Толстой отправился в путь двенадцатого июня в сопровождении Саши, Маковицкого и Булгакова. Варвара Михайловна осталась в Ясной, чтобы не оставлять графиню одну, присматривать за ней и успокаивать. Увидев Черткова, Лев Николаевич почувствовал себя помолодевшим лет на десять. Неухоженный, разваливающийся дом в Мещерском был полон толстовцев, что не могло не нравиться гостю. Вместе с дочерью и Владимиром Григорьевичем они посетили психиатрическую лечебницу, поговорили с пациентами и даже приглашены были на киносеанс для больных. Саша вспоминала, что показывали глупейшие мелодрамы; в темноте она видела белую рубашку и седую бороду отца, понимала, что зал полон сумасшедших, и ей хотелось убежать оттуда как можно быстрее. Но Толстой был спокоен, делился своими наблюдениями с Чертковым и, казалось, не подозревал никакой опасности. Он часто повторял, что сумасшествие – это чрезмерный эгоизм, эгоизм человека, все мысли которого сконцентрированы только на себе самом и который интересуется лишь собственной персоной. Безусловно, подобные суждения были связаны с его мыслями о Софье Андреевне. В Мещерском писателя ничто не беспокоило, и он мог размышлять о своей семейной жизни с пониманием и терпением. «Хочу попытаться сознательно бороться с Соней добром, любовью, – говорится на страничке дневника за двадцатое июня. – Издалека кажется возможным. Постараюсь и вблизи исполнить. Душевное состояние очень хорошее». А жене пишет: «Время летит. И не успел оглянуться, и прошла уж неделя. Какой неделя – остается уж только 5 дней до отъезда. Мы решили ехать 25-го. И в гостях хорошо, и дома хорошо. Как ты поживаешь? Как твои работы?.. До свиданья милая, Соня. Целую тебя». Из соображений дипломатии сначала вылил бочку меда, а потом уже добавил ложку дегтя: в постскриптуме Лев Николаевич сообщает, что Черткову разрешили жить в Телятниках во время пребывания там его матери.

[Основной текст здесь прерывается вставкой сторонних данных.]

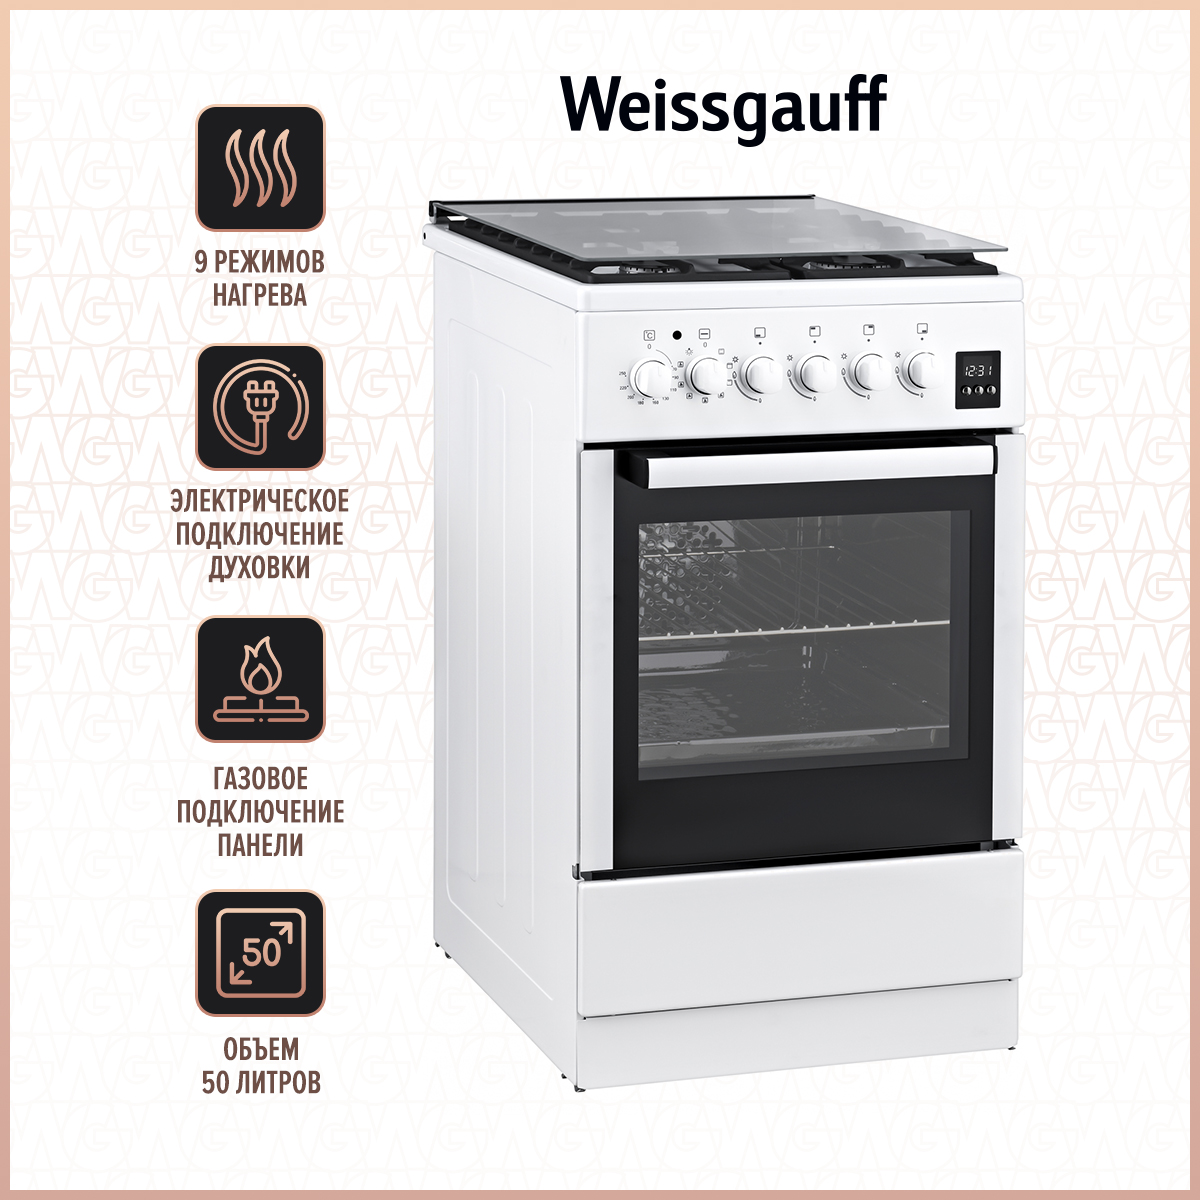 Комбинированная плита Weissgauff WCS K2K59 WGE White комбинированная плита weissgauff wcs k2k59 wge
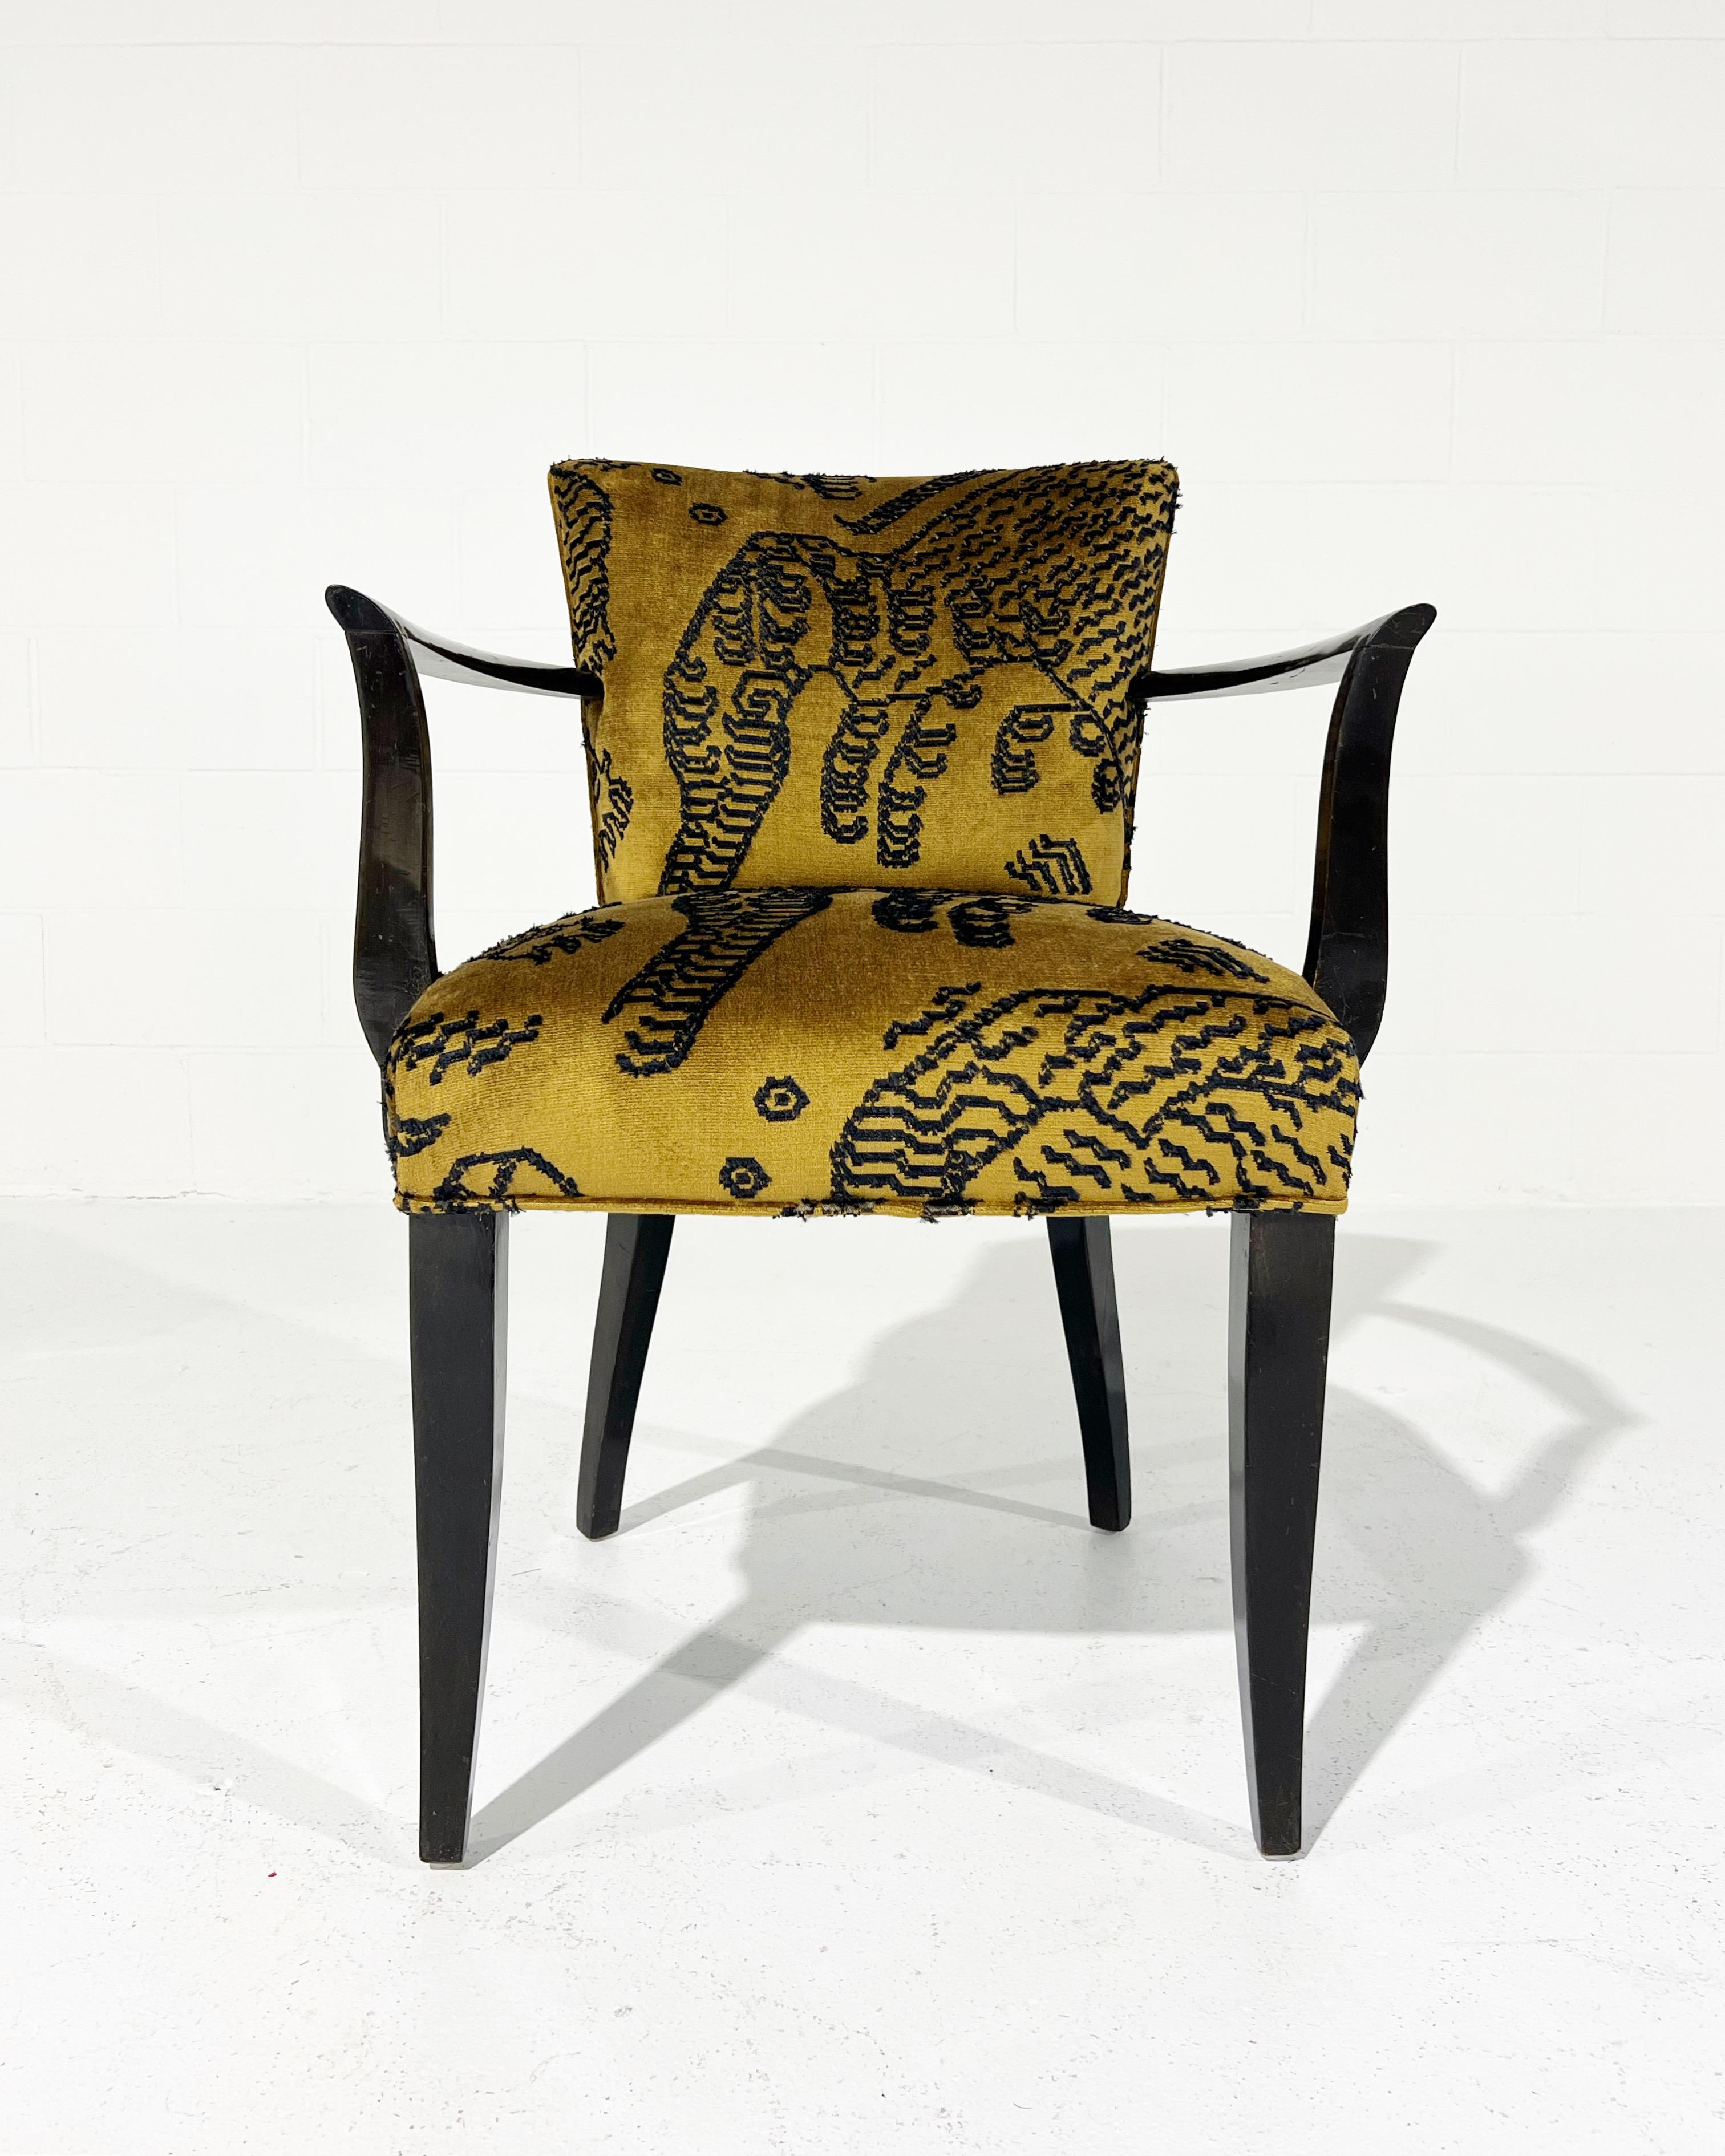 Eugene Printz war ein französischer Designer, der vor allem für seine bahnbrechenden Sitzmöbel aus Holz bekannt ist. Printz' Werk zeichnet sich besonders durch die Verbindung von Edelhölzern mit einer modularen und progressiven Designästhetik aus,

Софья Андреевна плохо переносила одиночество: недовольная тем, что Владимир Григорьевич пригласил ее недостаточно отчетливо, не предложил отдельной комнаты, перебирала в памяти свои претензии, и злость переполняла ее. Узнав, что это «чудовище» Чертков вновь поселится недалеко от Ясной, потеряла всякий контроль над собой и в горячке велела Варваре Михайловне отправить телеграмму Толстому: «Сильное нервное расстройство, бессонница, плачет, пульс сто, просит телеграфировать. Варя». Через несколько часов принесли телеграмму, подписанную самой Софьей Андреевной: «Умоляю приехать скорее – двадцать третьего. Толстая». Саша не считала мать тяжело больной и убедила отца не переносить отъезд, тем более что ожидали прибытия скрипача Михаила Эрденко. Толстой подчинился и ответил жене: «Удобнее приехать завтра днем, телеграфируйте, если необходимо, приедем ночью». Слово «удобнее» возмутило графиню, которая закричала, что узнает ледяной стиль Черткова, и тут же велела Варваре Михайловне отправить новую телеграмму: «Думаю необходимо. Варя».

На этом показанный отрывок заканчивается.